August 21, 2018 at 05:25 PM
3 minute read
Kirkland & Ellis added another former Morrison & Foerster lawyer, Ali Zaidi, to its corporate practice in Washington, D.C., this week.
Zaidi, who joins Kirkland as of counsel, focuses on environmental risks and regulatory hurdles arising in M&A deals. In leaving MoFo for Kirkland, he's following a path beat just last month by partner Robert Fleishman, who specializes in defending energy and financial industry clients in regulatory enforcement matters.
The two lawyers were recruited separately and made their decision separately, according to Kirkland.
“I think a big part of the transition for me is this unique moment, where there's so much significant activity that's being planned by investors operating in this arena, and they're doing that with uncertainty in the air,” Zaidi said. “I'm very excited to be at Kirkland and counsel clients as they make those significant business decisions in a way that's prudent and reduces their exposure to risk.”
Before joining Morrison & Foerster in February 2017, Zaidi served in the White House Office of Management and Budget and in the White House Domestic Policy Council as deputy director for energy policy.
In Kirkland's environmental transactional practice group, he will be one of almost two dozen lawyers advising buyers, sellers, lenders, underwriters, and investors in transactions with environmental implications across the U.S. and globally.
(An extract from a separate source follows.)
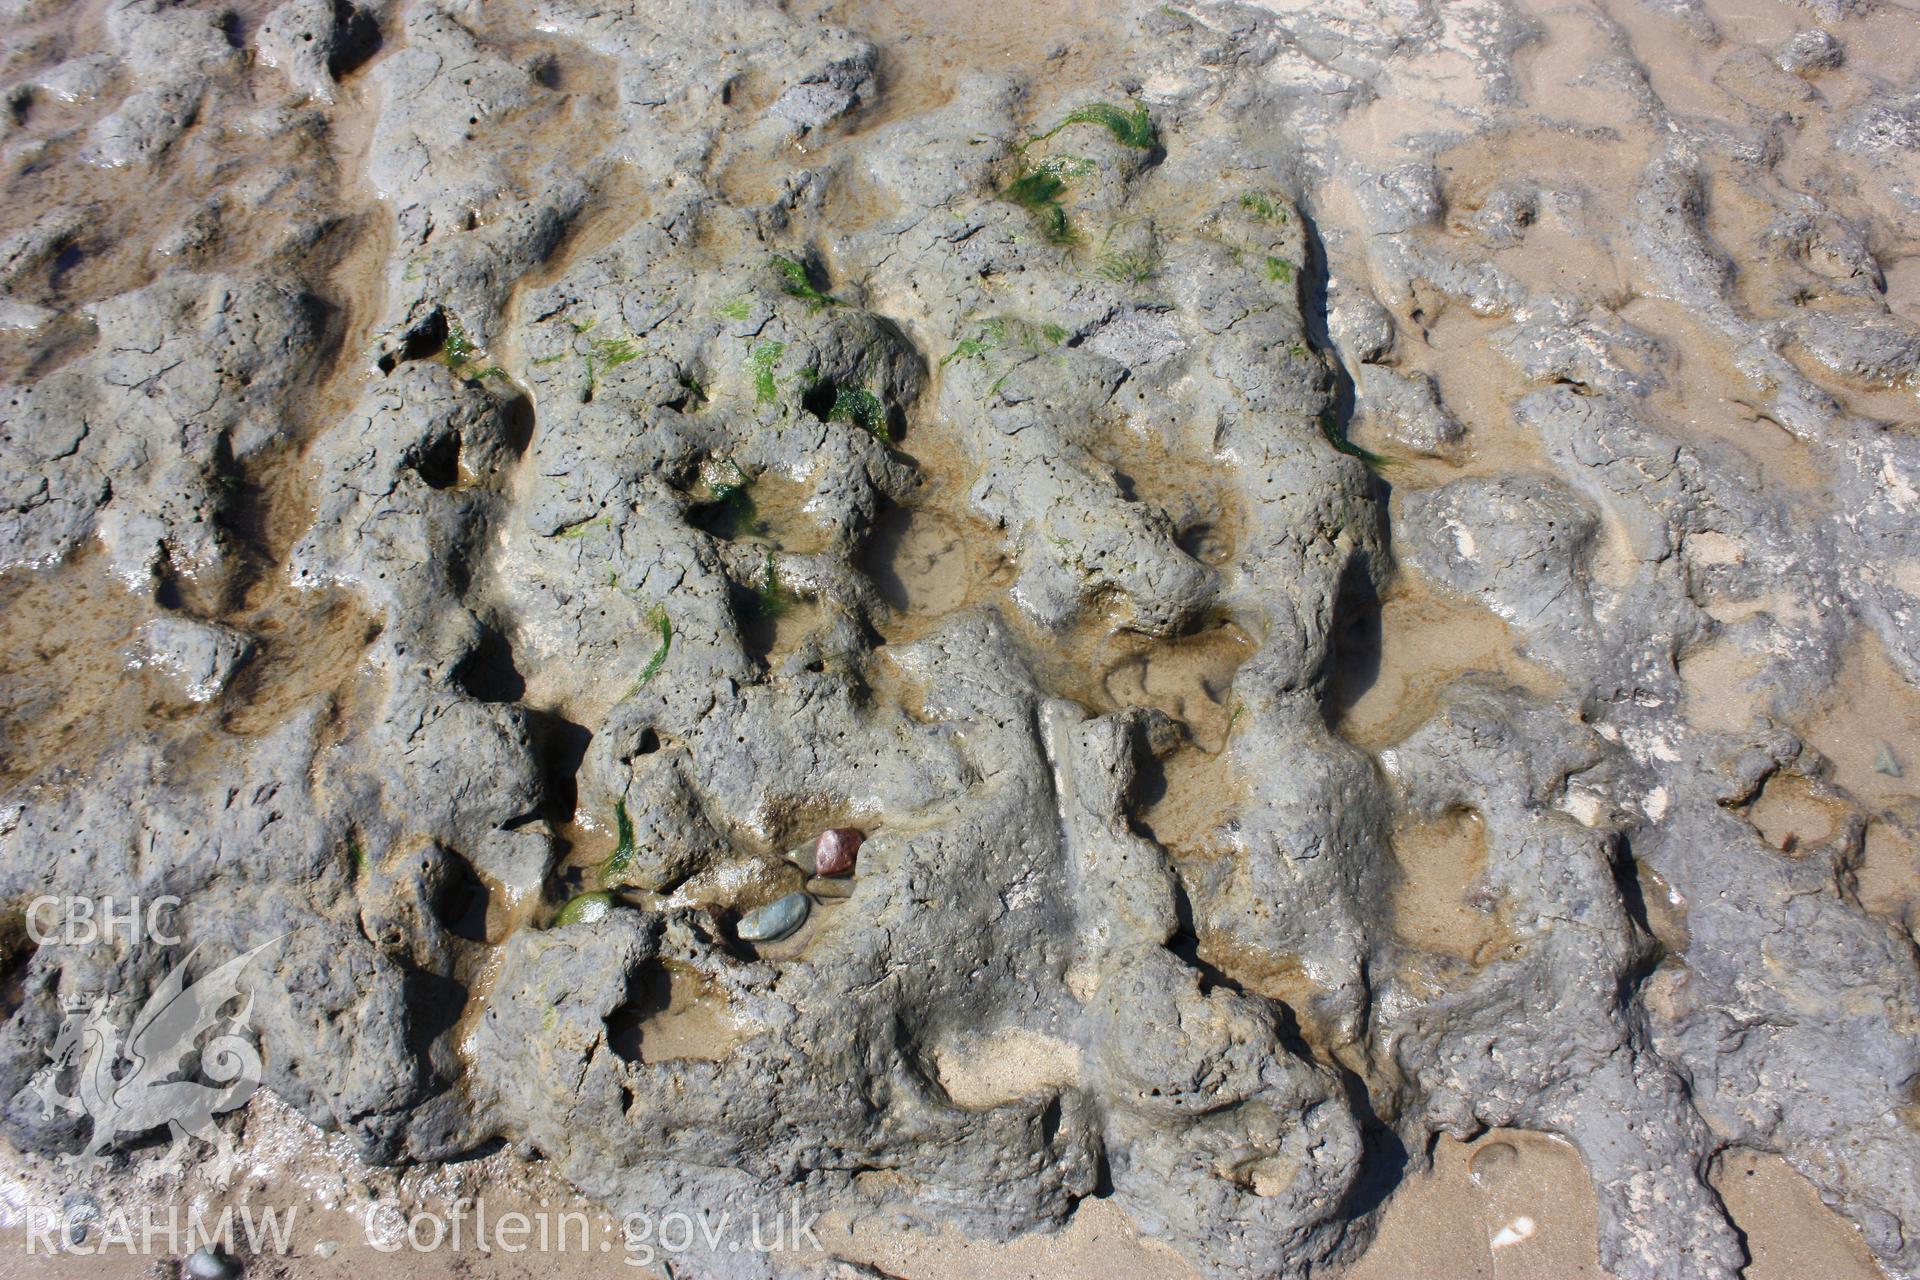 Peat pavement with animal footprints (?)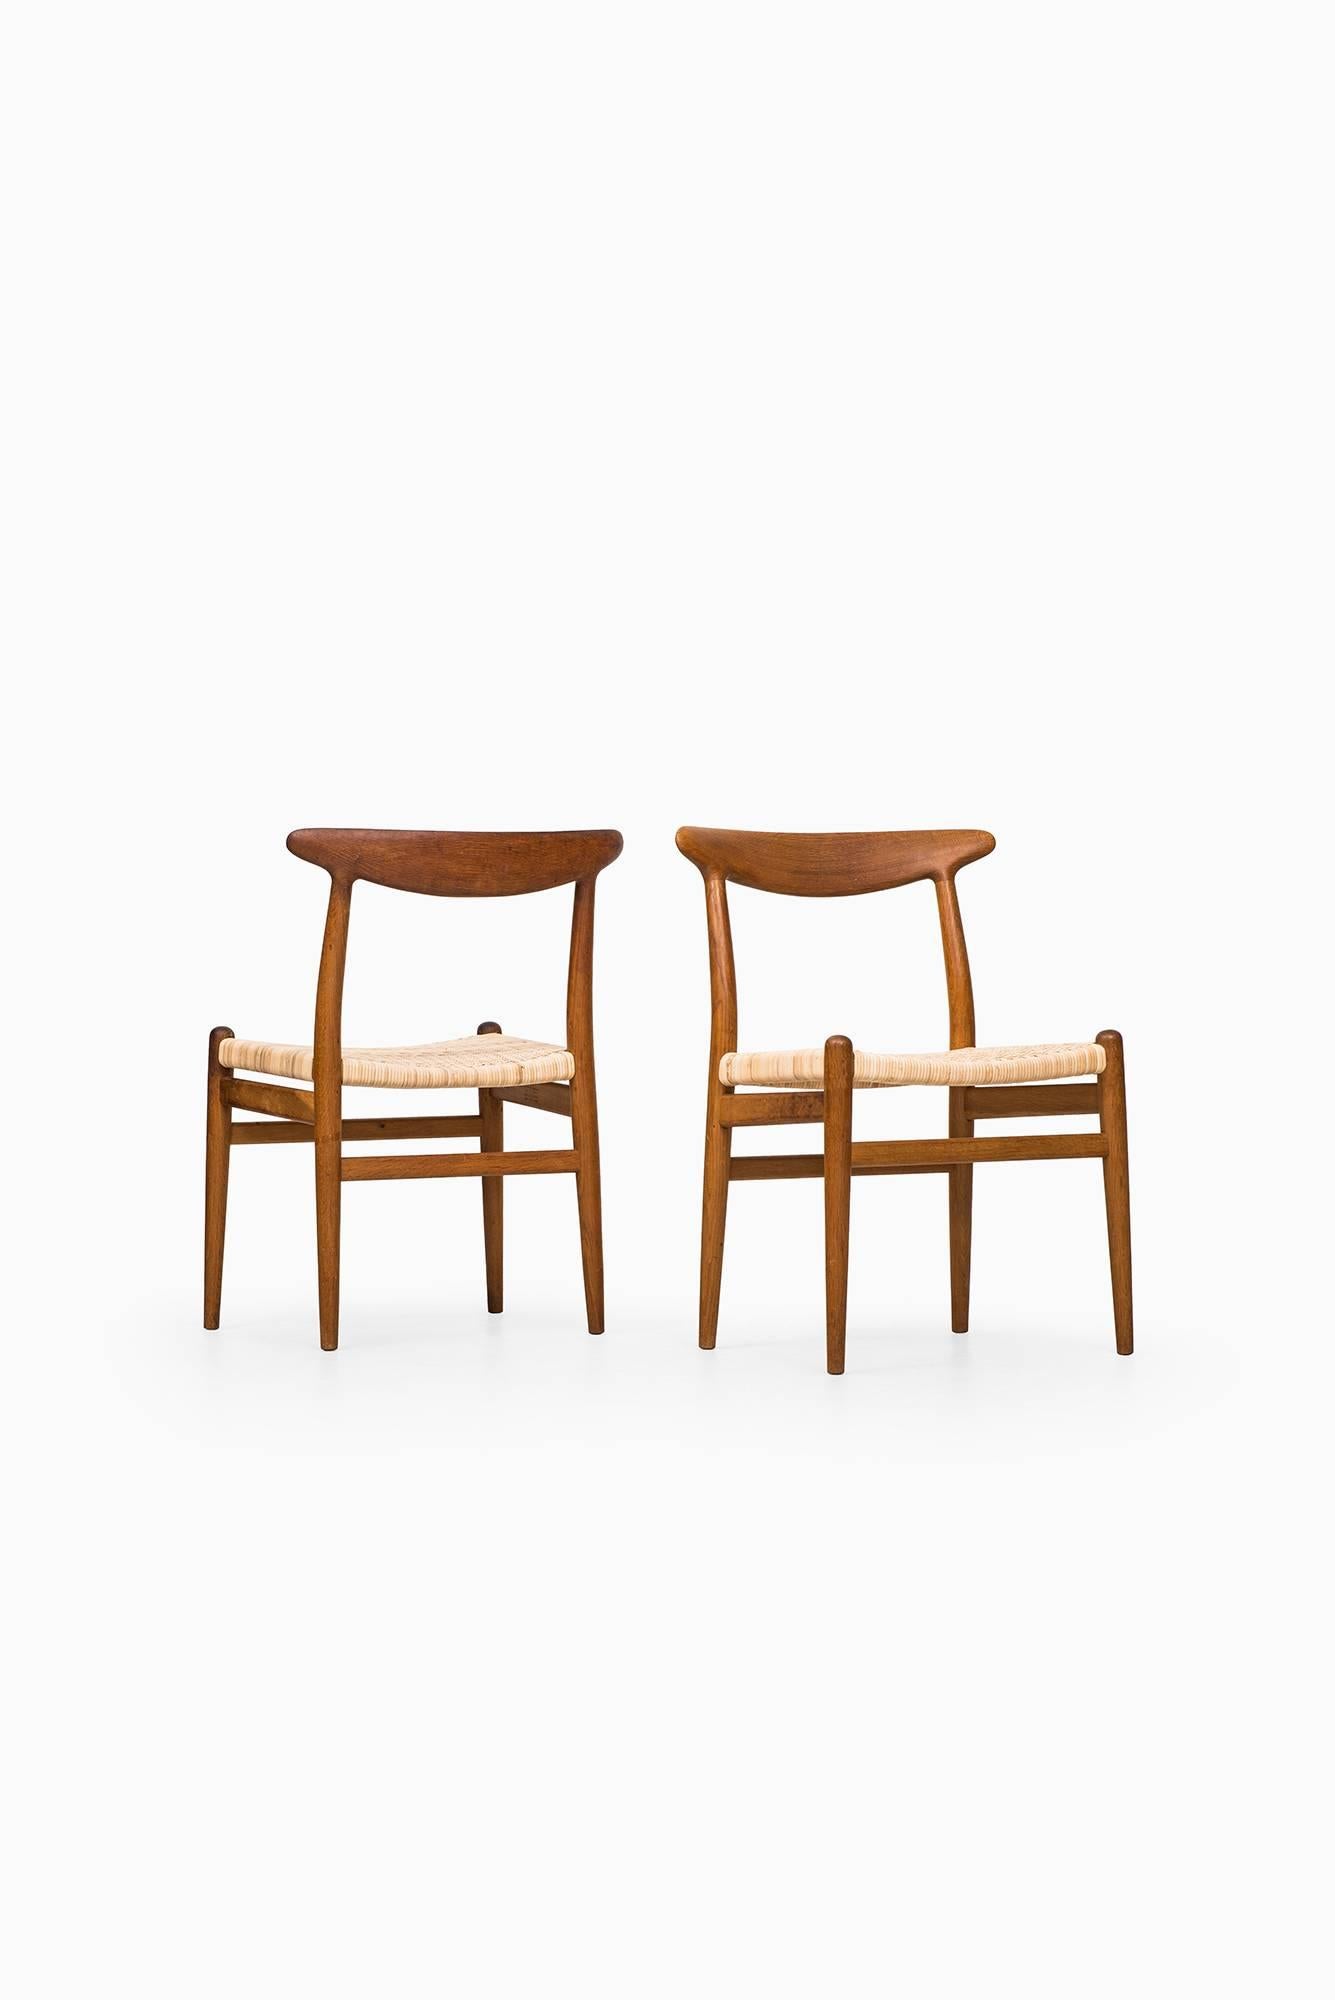 Hans Wegner Dining Chairs Model W2 by C.M Madsen in Denmark In Excellent Condition In Limhamn, Skåne län

The group's lawyers are based in D.C., Houston, and San Francisco, in what Kirkland has touted as the “largest such group” in the country.
Zaidi declined to say whether he considered other options outside Kirkland or whether he is bringing any specific business to his new firm.
Fleishman began his career at the Federal Energy Regulatory Commission and then spent more than three decades in a series of in-house and law firm roles, including at Baltimore Gas & Electric, Constellation Energy Group, and Covington & Burling. He was most recently of counsel at Morrison & Foerster for five years.
“Bob is one of the preeminent energy regulatory lawyers in the U.S.,” Kirkland partner Andrew Calder said in a statement welcoming his move to the firm last month. “Kirkland is pleased he has agreed to join us to build and lead a top-notch energy regulatory practice to support the firm's large and growing energy and infrastructure practice.”
Kirkland has been on a seemingly endless lateral hiring streak, and its financial growth has catapulted the firm to the top of the Am Law 100. MoFo is also coming off a year of strong financial growth, and the firm posted record-high gross revenues in 2017, following modest growth and declining revenues in previous years.
Amid the departures to Kirkland, MoFo's office in Washington has added several prominent lateral hires from government since last month, including John Smith, former director of the U.S. Department of the Treasury's Office of Foreign Assets Control, and Lisa Phelan, from the Justice Department's Antitrust Division.